The child she referred to was her grandson, John, and she remarked so frequently on his propensity for feeling his way through the world that his mother was driven to concocting little tests to verify her son’s sight. Sonja would wiggle her fingers before his eyes, or hold his favorite toy just out of reach. She would wave a brightly colored cloth, or—once, and she was immediately ashamed—flare a match at the edge of his vision just to watch him startle. Of course he passed every one of these tests, as Sonja knew he would, yet he was so precious to her that she could not keep from worrying at the least suggestion that something might be wrong with her child.

And certainly it was true that from infancy, John House seemed to rely on touch more than any other sense. He liked to lay his cheek against his mother’s hand for comfort, an action that reminded Sonja of how, when she nursed him, he wanted to remain pressed against her breast even when he was no longer suckling. He ruffled the dog’s fur endlessly, feeling the hair rise and fall under his fingers. When he lay in bed at night, he ran his knuckles back and forth against the cool sheet. Summer or winter, he would press his forehead against a window as though he were gauging the weather by the feel of the glass. Occasionally, his hands would happen upon something—the crenellated base of a floor lamp, the tufts of chenille on his parents’ bedspread, the carved wooden leg of the couch, a stone, a handkerchief-size square of tanned deer hide—whose feel would put him in a reverie. The deerskin he found on his father’s workbench— Henry thought that he might stitch it into a pouch to hold June’s ball and jacks—but when it became apparent that no use that patch of leather could be put to would match the pleasure that John House got from folding it over and over and brushing its nap, Henry decided to give it to the boy. In truth, anyone who observed John House in one of his brown studies of touch might believe the boy was blind; his eyes would glaze and he seemed unable to move until he had taken in all the knowledge and satisfaction his fingers could bring.

So sudden and complete were these spells that as John grew older Sonja worried what would happen when he started school. He was a bright child and a ready learner, but suppose he became so taken with the texture of the paper on which he was instructed to draw a tree that he never touched pencil to paper. For that matter, the grain of the pencil itself might engross him and keep him from his arithmetic.

Sonja’s fears were not without basis. When John was three years old and his sister was five, their father lifted them both onto Buck’s back.
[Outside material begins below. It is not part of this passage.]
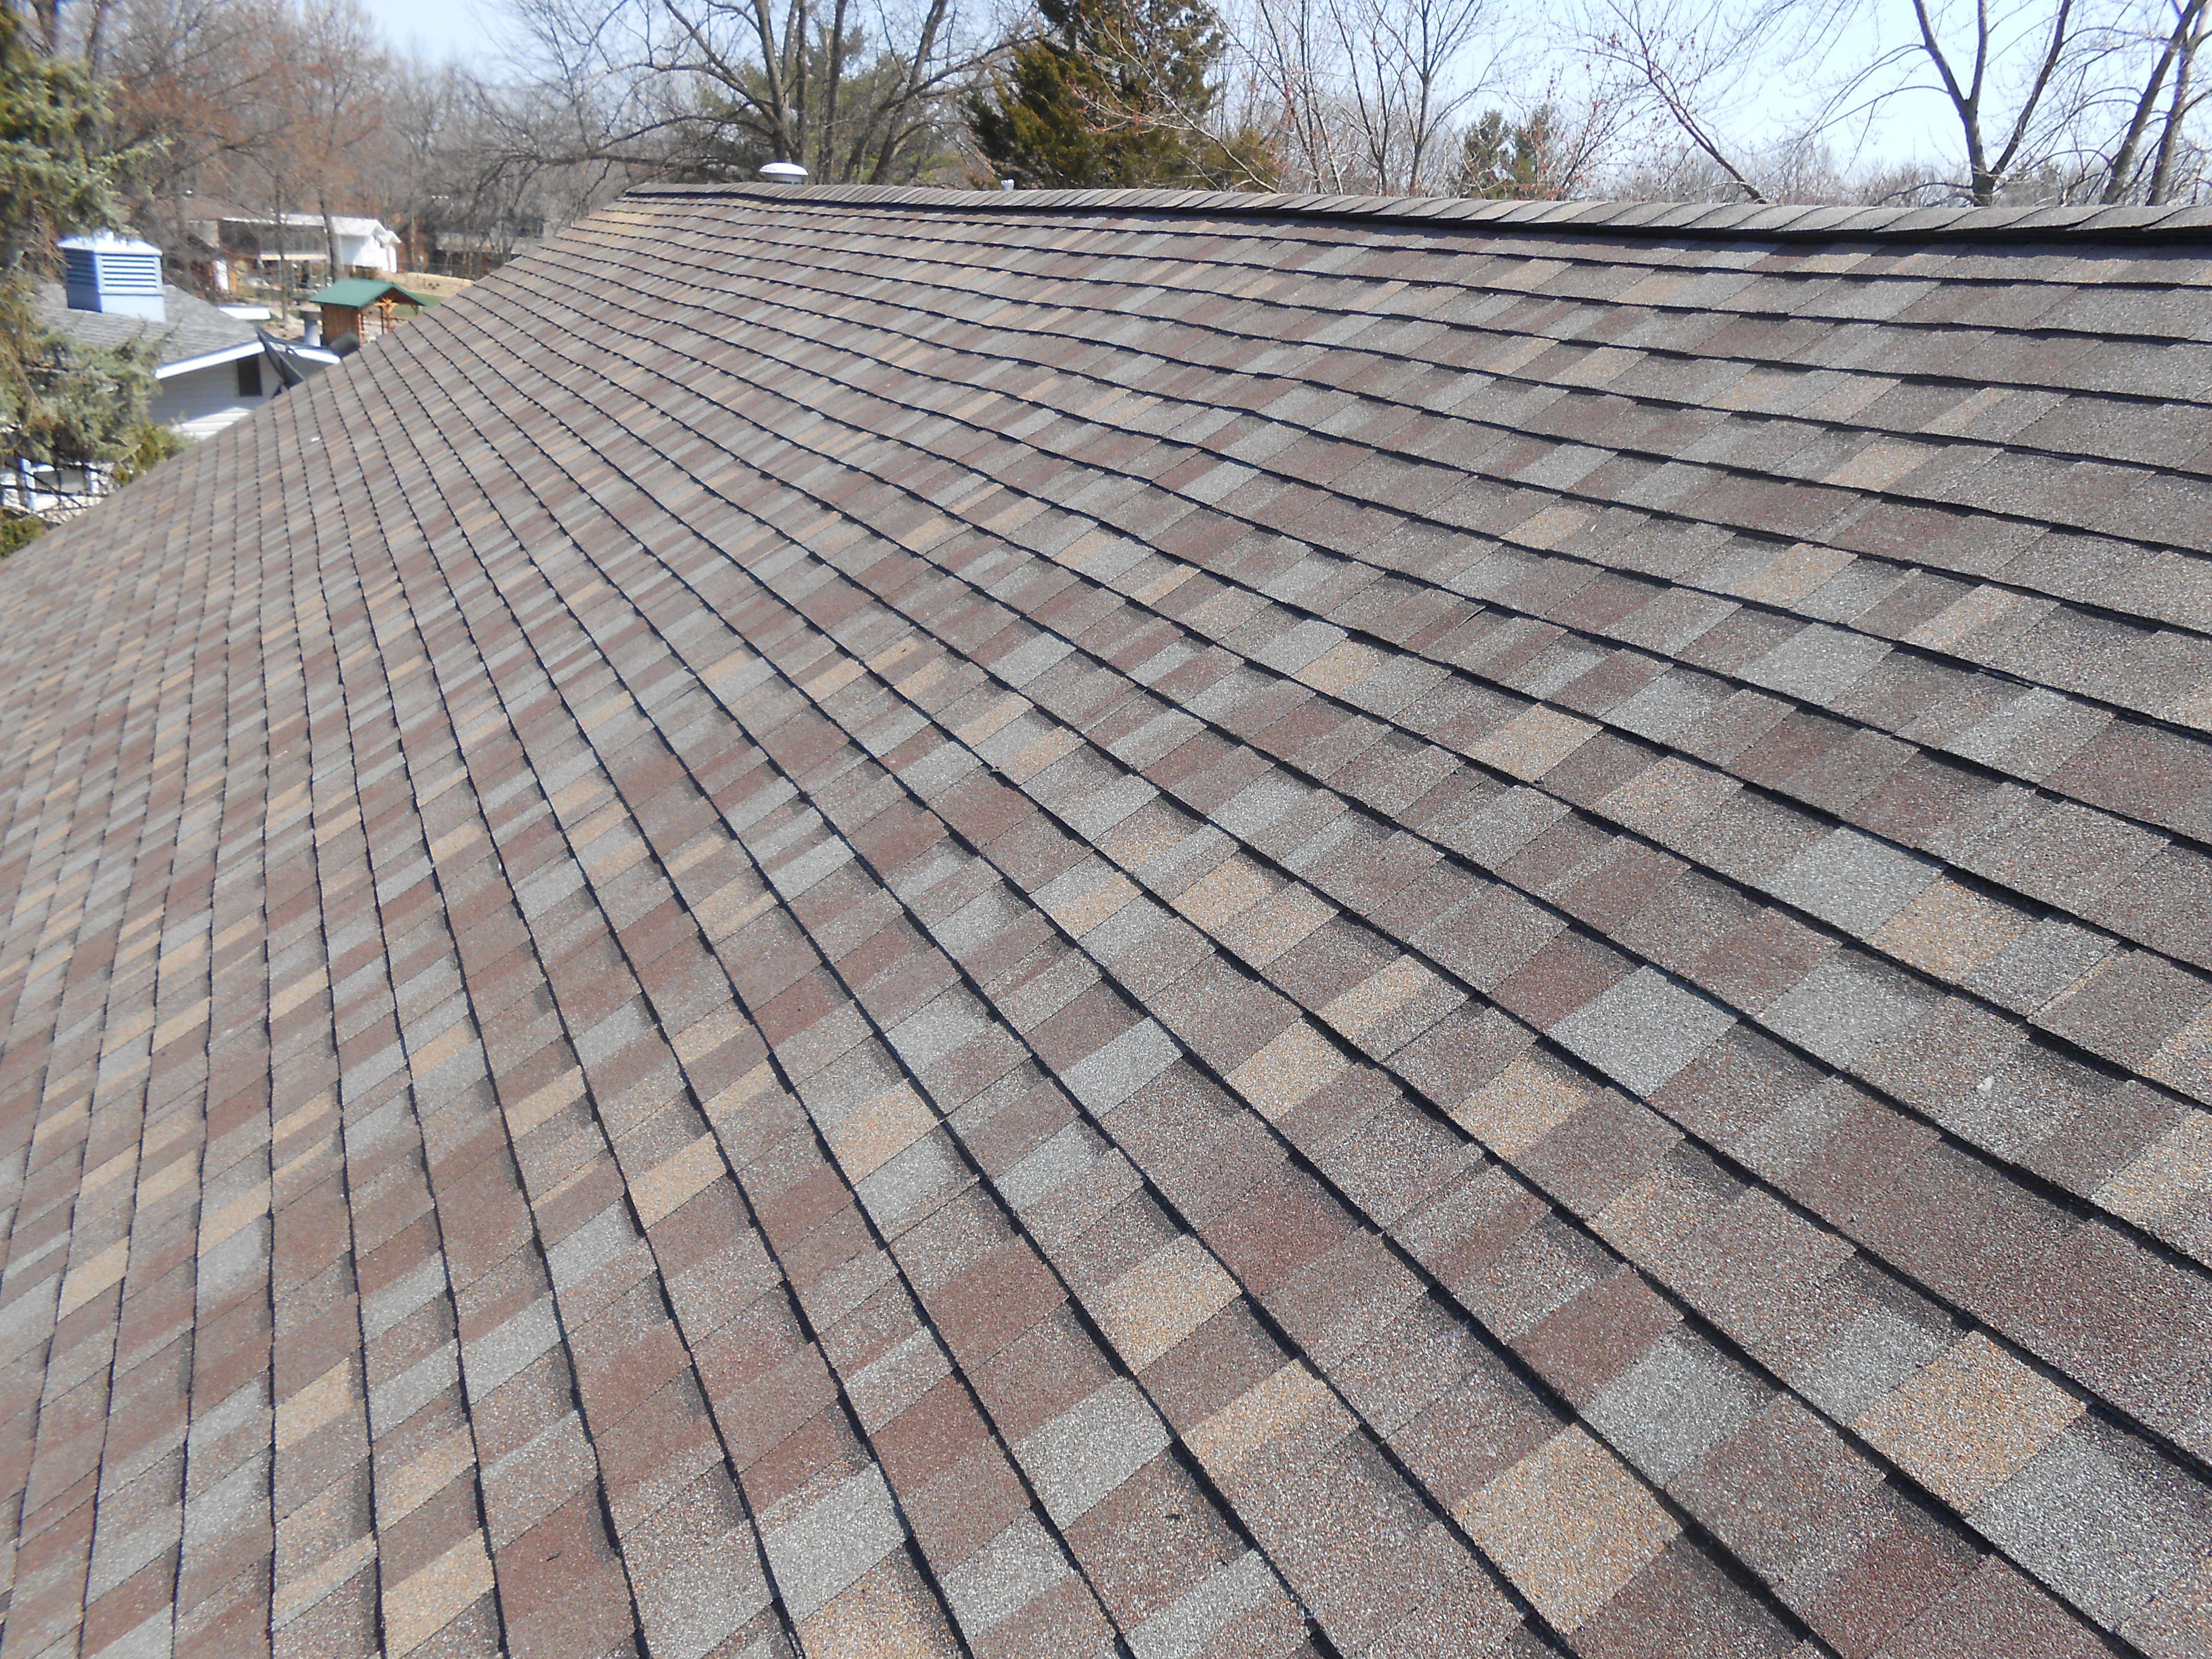 Certainteed Landmark Pro Prairie Wood Certainteed Craftsman Exterior Roof Shingle Colors

Henry told Sonja to stand next to the children, and he made sure their house was in the background. Henry had a new box camera, and that day he planned to capture on film what he loved most in life.
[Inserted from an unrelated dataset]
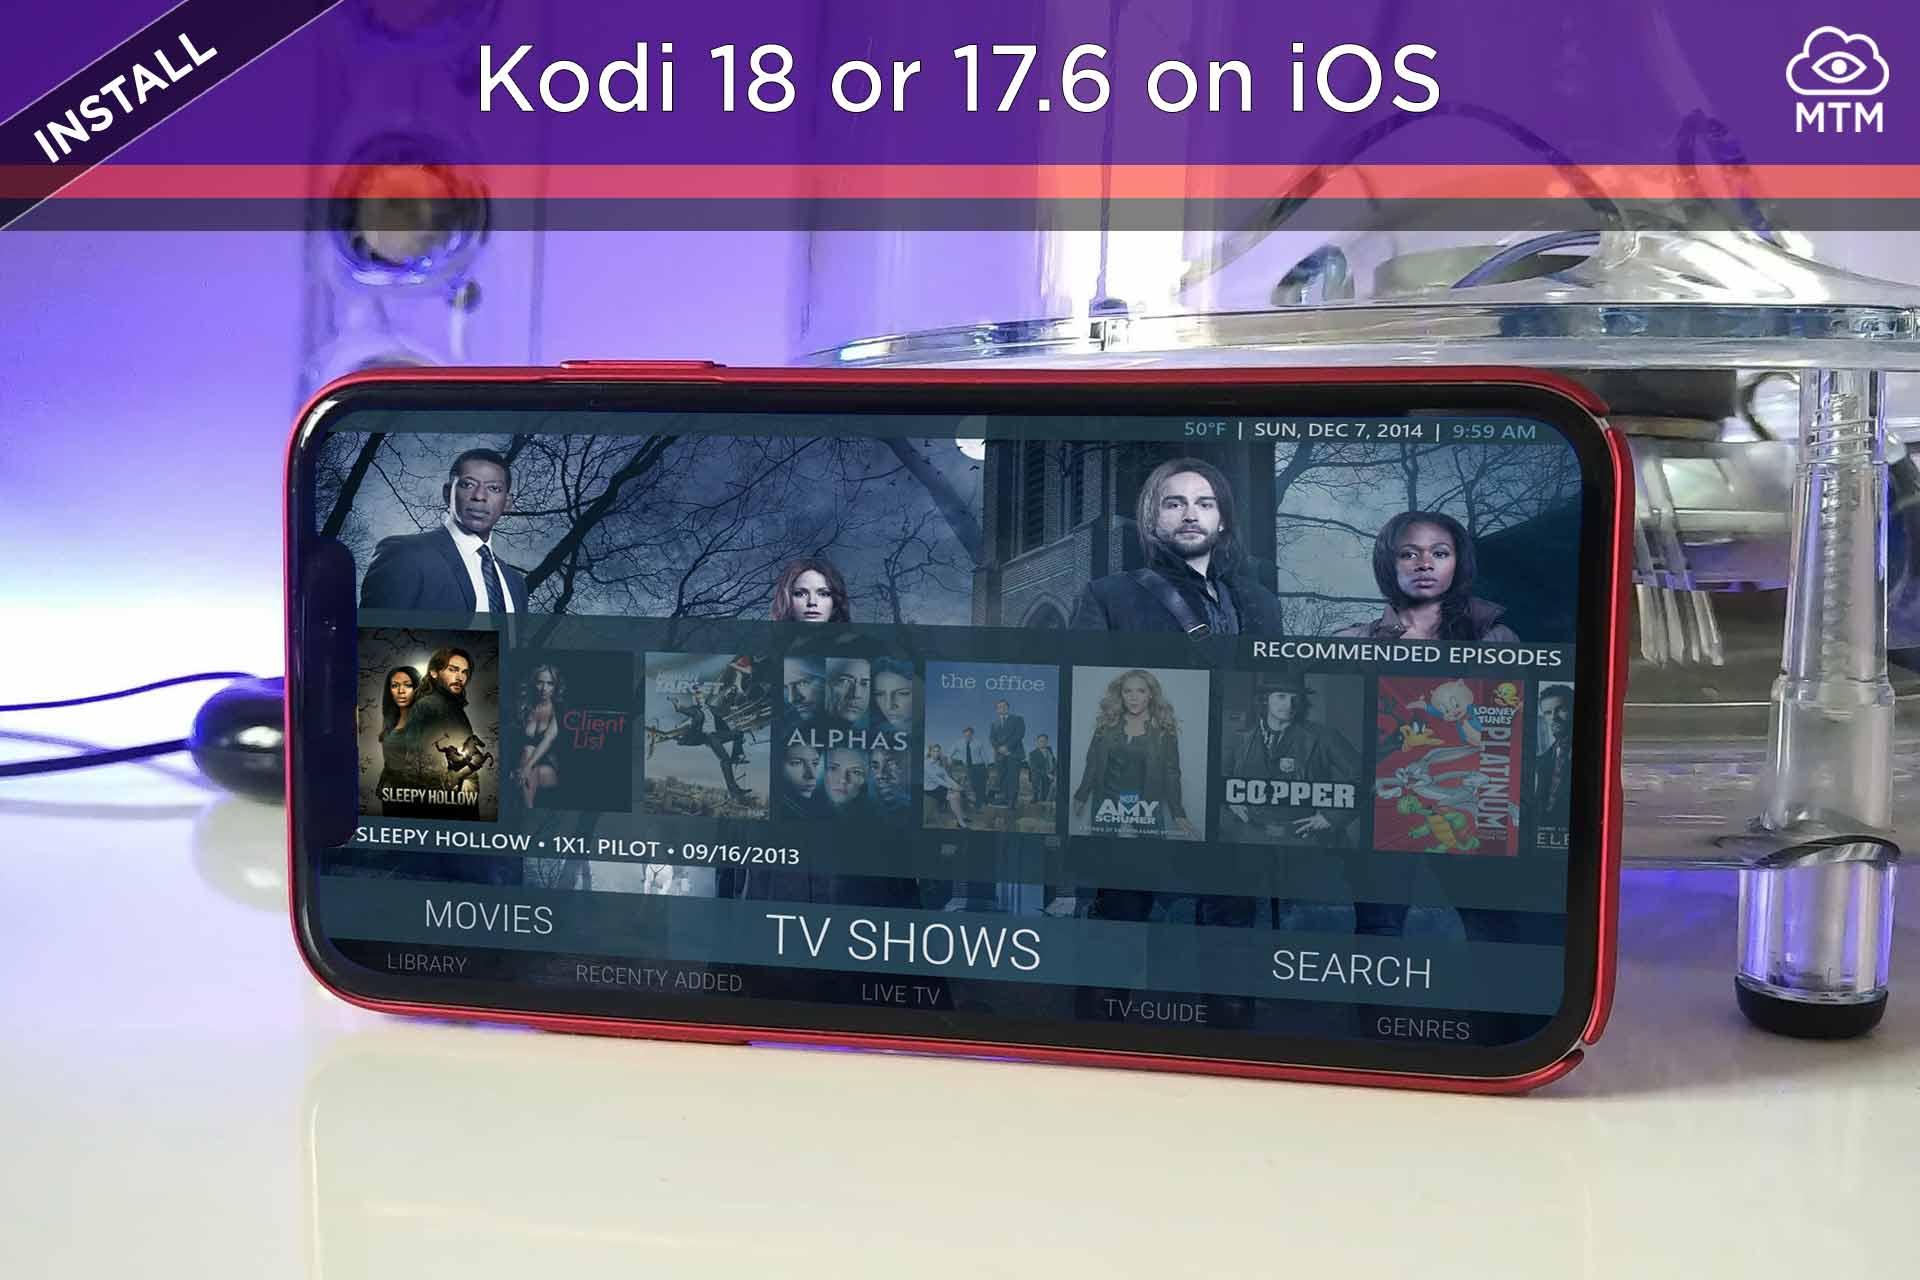 Download Kodi 18 on iPhone, iPad, or iPod [No Jailbreak Install 2019]

John had never been on Buck before, and the horse’s textures—the short hair growing tight against the skin, the fluttery softness of the ears— were almost too much for the boy. June sat behind her brother and held him tight, but John was supposed to hold on too. Henry showed him how to twine his fingers into Buck’s mane, but John could not keep his hands still. He was patting and stroking Buck everywhere, searching for that spot where he could lose himself in feeling.
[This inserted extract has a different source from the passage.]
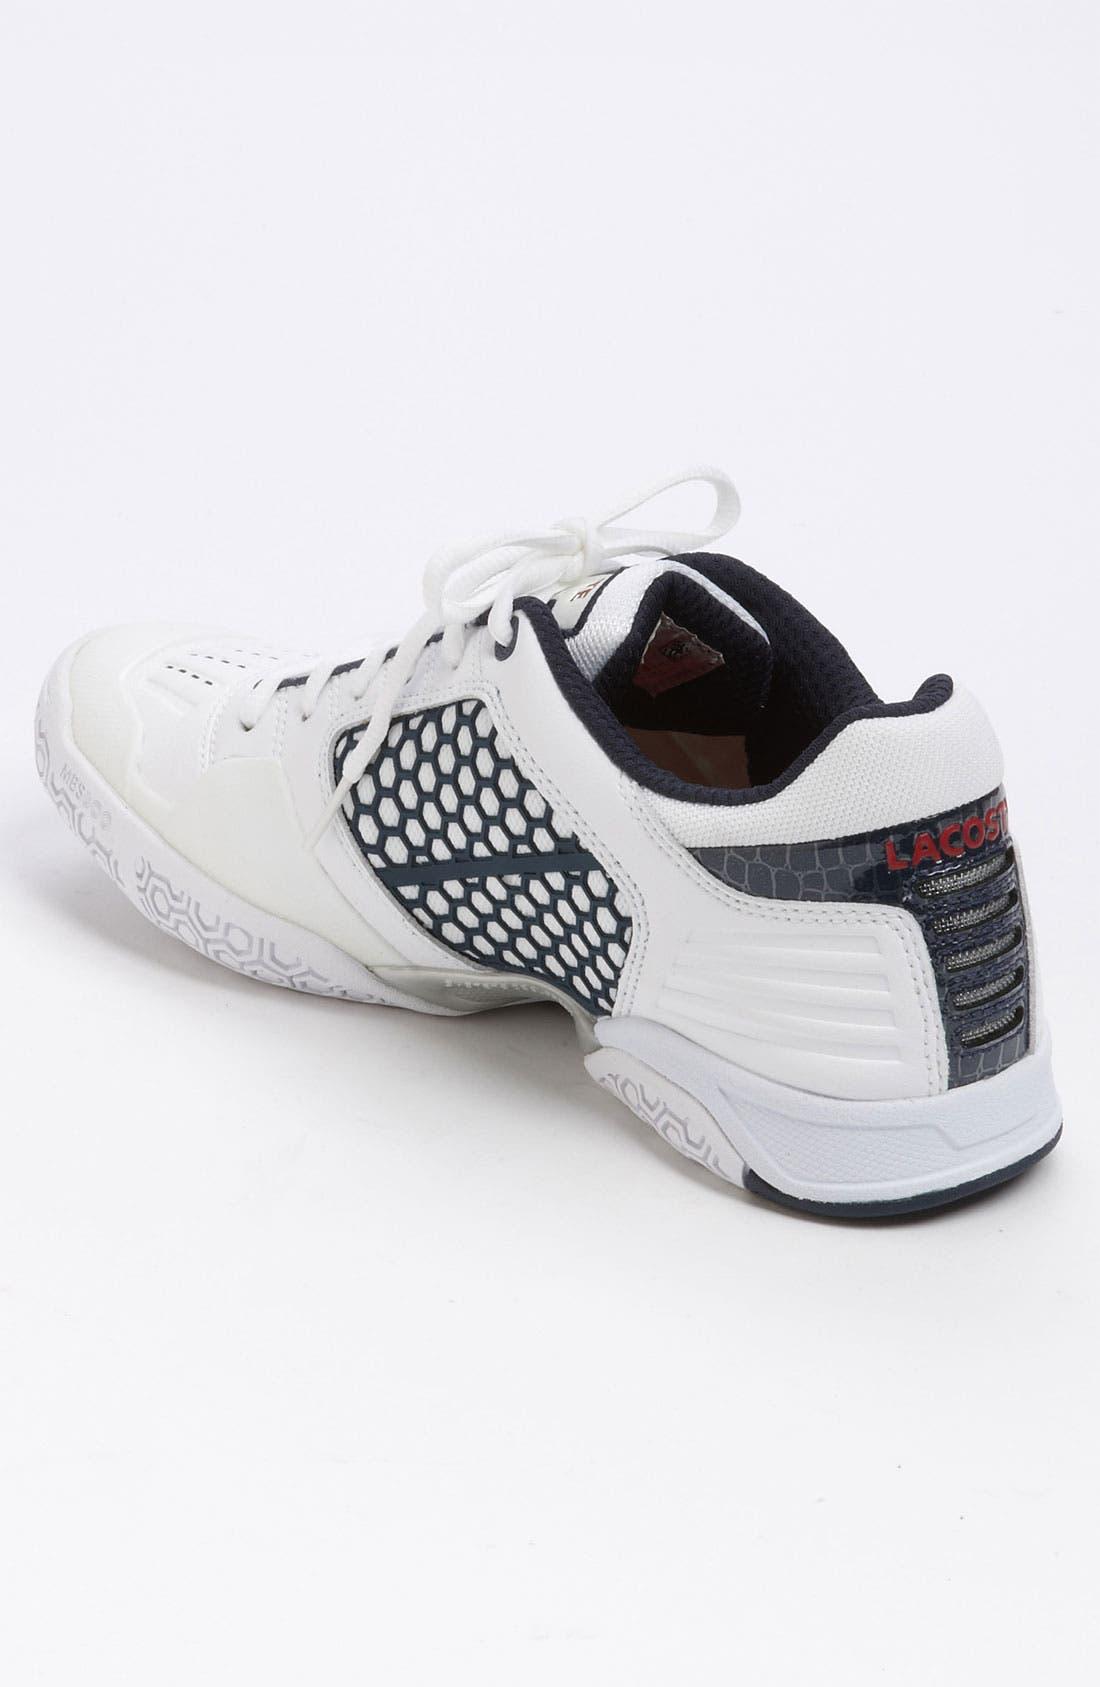 Alternate Image 2  - Lacoste 'Repel' Tennis Shoe (Men)

Henry hardly had time to step back and line up his family in the viewfinder when John disturbed the composition. He leaned forward and to the side, probably in an attempt to lay his cheek against Buck’s long, muscular neck, so sleek in the sunlight it looked wet. June scooted forward, trying contradictorily both to tighten her grip on her brother and to allow him to go where he wanted to go. She must have dug her heels into Buck’s ribs in a way that made him wonder if he were being spurred, but to the horse’s credit, he did not step forward with his riders. He turned his head as if to ask June if she was sure of her command. The horse’s great head looming toward him startled John and caused him to jerk back, and that movement was probably enough to keep him on Buck’s back for another instant, time enough for Sonja to grab her son and keep him from falling.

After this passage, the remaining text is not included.